Open ryorke1 opened 5 months ago

ryorke1 commented 5 months ago

Hello everyone,

My team seems to have stumbled upon a really weird issue with the conductor python sdk where the memory of the worker continues to climb until the worker runs out of resources (in our case our OpenShift cluster OOMKills the pod due to the resource utilization exceeding it's allocated quota). What is odd is the timing of the memory increasing is not consistent. Sometimes it will start as soon as the worker starts while other times it will start 30 to 45 minutes after the application starts. Additionally, once in a while it seems to not have this issue. I have tried tracing through the polling functionality within the SDK and cannot seem to find anything that stands out as the cause of the memory. Wondering if anyone else is experiencing this issue and what is the root cause?

memory-leak

This graph shows the example code below running and being restarts. When you see a long flat line that is when we turned it off and tried looking at code. Considering this workflow does absolutely nothing (execute doesn't even get called) I wouldn't expect to see a bunch of spikes in memory and this should just be flat for the most part.

Steps to reproduce:

  1. Setup a conductor server with a generic workflow (doesn't have to be anything specific)
  2. Deploy a pod with any number of workers greater than 1 (in our case we did this with 12 workers) using the code shown below.
  3. Ensure that the only package installed (besides base packages) is conductor-python.
  4. Monitor the memory

Sample Code: ` from conductor.client.automator.task_handler import TaskHandler from conductor.client.configuration.configuration import Configuration from conductor.client.http.models import Task, TaskResult from conductor.client.worker.worker_interface import WorkerInterface

configuration = Configuration( server_api_url=f"http://localhost:3500/", debug=True )

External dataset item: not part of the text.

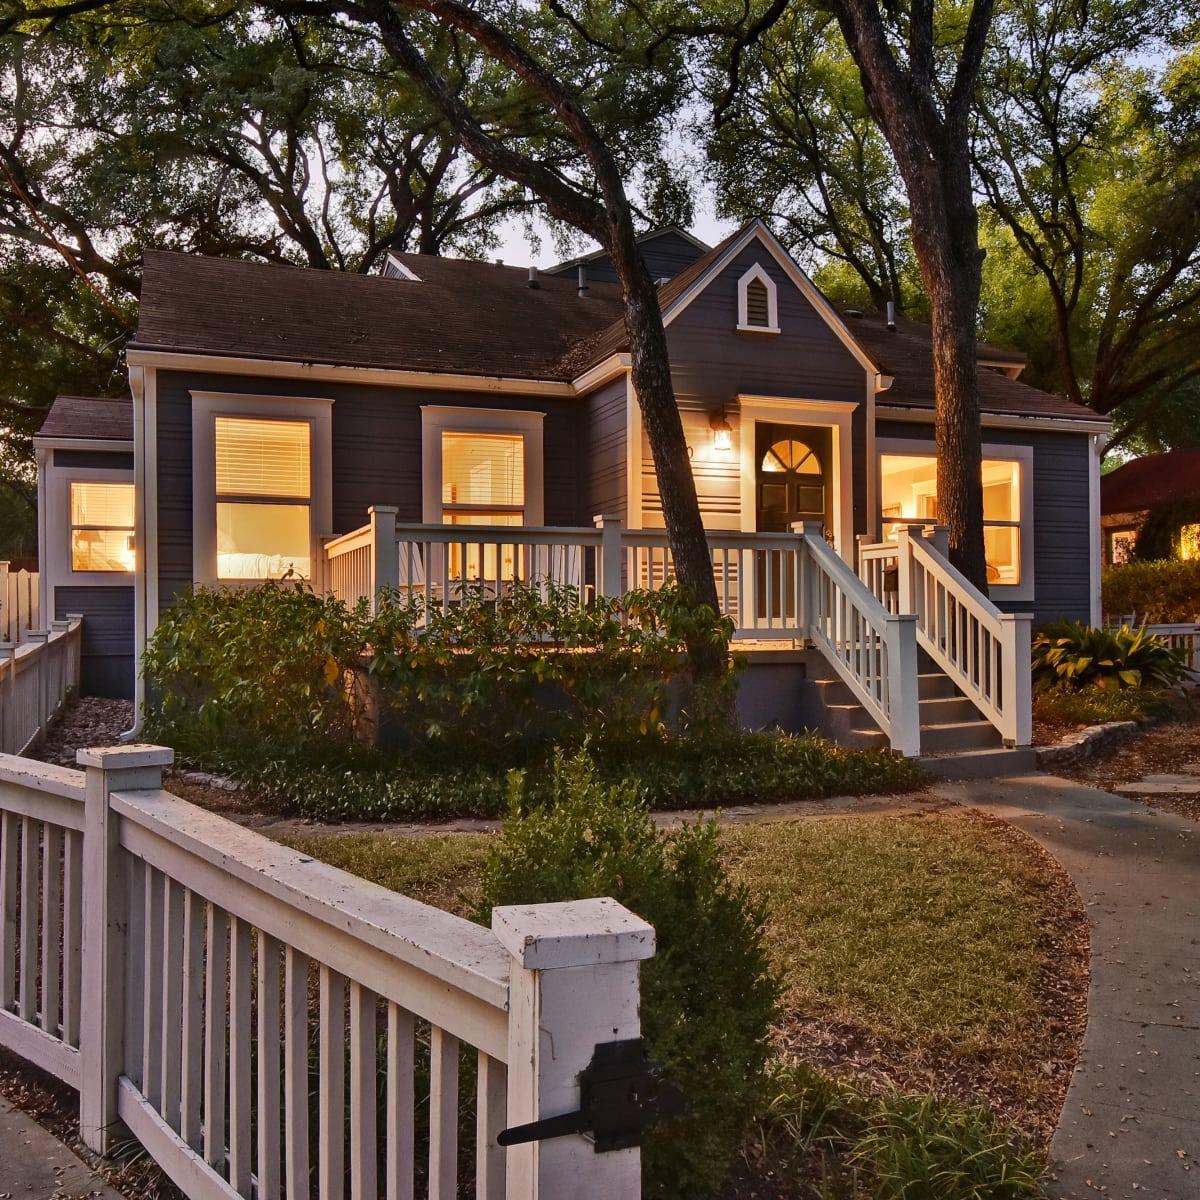 West Austin home house 2200 Sharon Lane exterior front driveway

class SillyWorker(WorkerInterface): def execute(self, task: Task) -> TaskResult | None: return None

def get_polling_interval_in_seconds(self) -> float:
    return 1

workers = [ SillyWorker(task_definition_name="silly-worker-1"), SillyWorker(task_definition_name="silly-worker-2"), SillyWorker(task_definition_name="silly-worker-3"), SillyWorker(task_definition_name="silly-worker-4"), SillyWorker(task_definition_name="silly-worker-5"), SillyWorker(task_definition_name="silly-worker-6"), SillyWorker(task_definition_name="silly-worker-7"), SillyWorker(task_definition_name="silly-worker-8"), SillyWorker(task_definition_name="silly-worker-9"), SillyWorker(task_definition_name="silly-worker-10"), SillyWorker(task_definition_name="silly-worker-11"), SillyWorker(task_definition_name="silly-worker-12"), ]

def start_workers():

with TaskHandler(workers, configuration) as task_handler:
    task_handler.start_processes()
    task_handler.join_processes()

if name == "main": start_workers() `

Environment:

c4lm commented 5 months ago

Hey @ryorke1, Do you have some kind of proxying for that server_api_url? It's supposed to end with /api because orkes-conductor-server image has proxying for /api internally for API queries - do the logs show that the workers are polling? Does the pod have enough CPU for garbage collection? Have you tried newer or older python images? IIRC there were changes in 3.11 which were supposed to bring more performance at the cost of a bit more memory, and those changes also initially caused a few leaks in some libraries.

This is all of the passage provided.